Financial Management Online MCQ Set 20

QN01. Gordon's Model of dividend relevance is same as

  1. No-growth Model of equity valuation
  2. Constant growth Model of equity valuation
  3. Price-Earning Ratio
  4. Inverse of Price Earnings Ratio
Answer

(B)Constant growth Model of equity valuation

QN02. Dividend declared by a company must be paid in

  1. 20 days
  2. 30 days
  3. 32 days
  4. 42 days
Answer

(B)30 days

QN03. In India, Dividend Distribution tax is paid on

  1. Equity Share
  2. Preference Share
  3. Debenture
  4. Both (a) and (b)
Answer

(D)Both (a) and (b)

QN04. Which of the following is not considered in Lintner's Model ?

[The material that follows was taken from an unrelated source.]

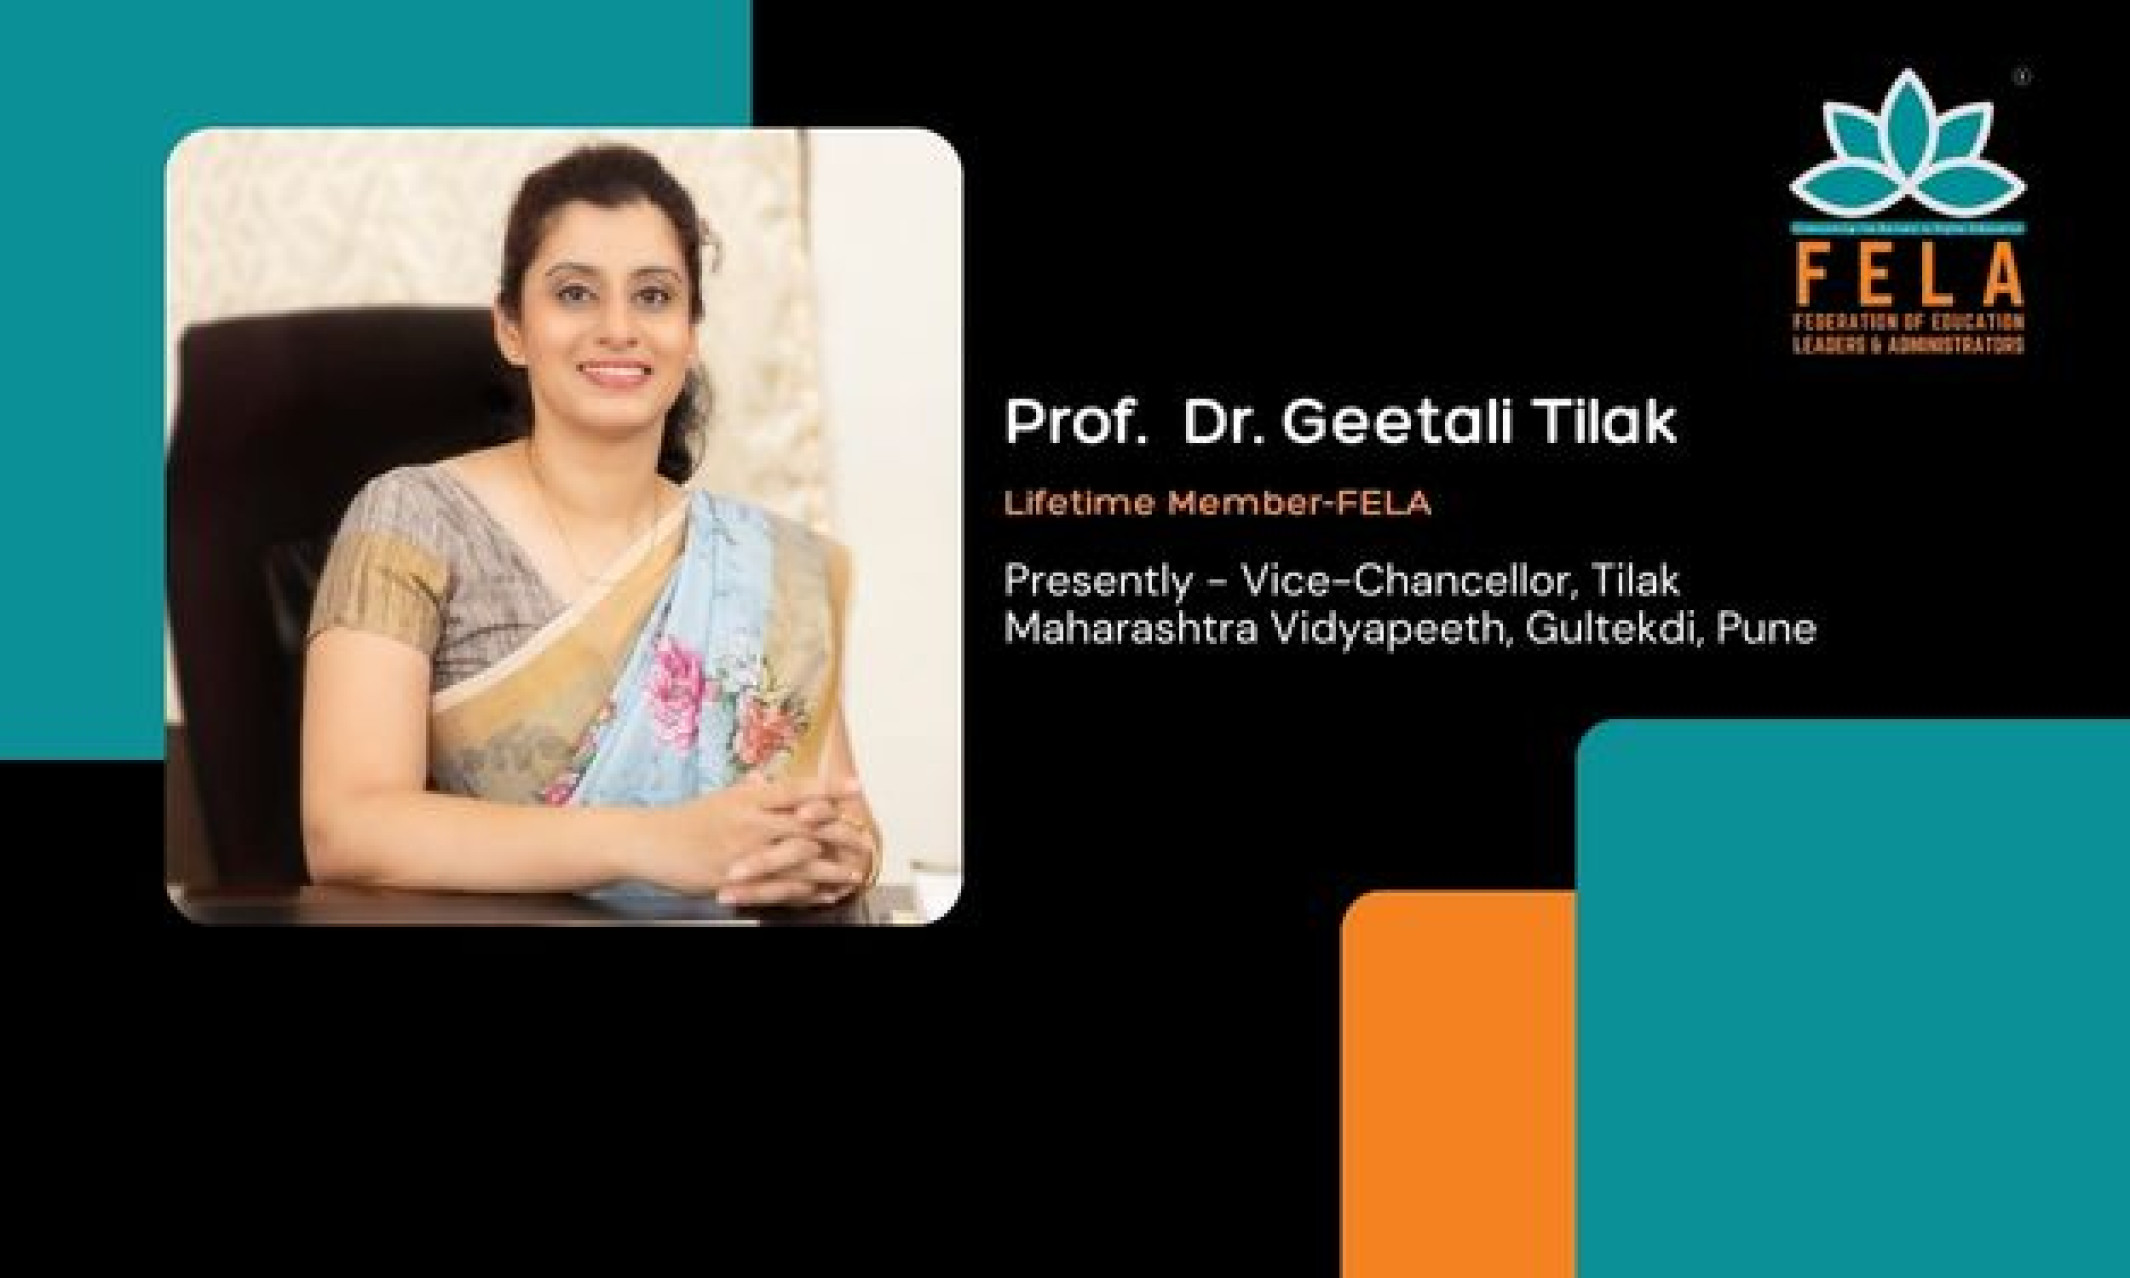 Prof. Dr. Geetali Tilak

  1. Dividend payout ratio
  2. Current EPS
  3. Speed of Adjustment
  4. Preceding year EPS
Answer

(D)Preceding year EPS

QN05. The Transaction Motive for holding cash is for

  1. Safety Cushion
  2. Daily Operations
  3. Purchase of Assets
  4. Payment of Dividends
Answer

(B)Daily Operations

QN06. Which of the following is not considered by Miller-Orr Model?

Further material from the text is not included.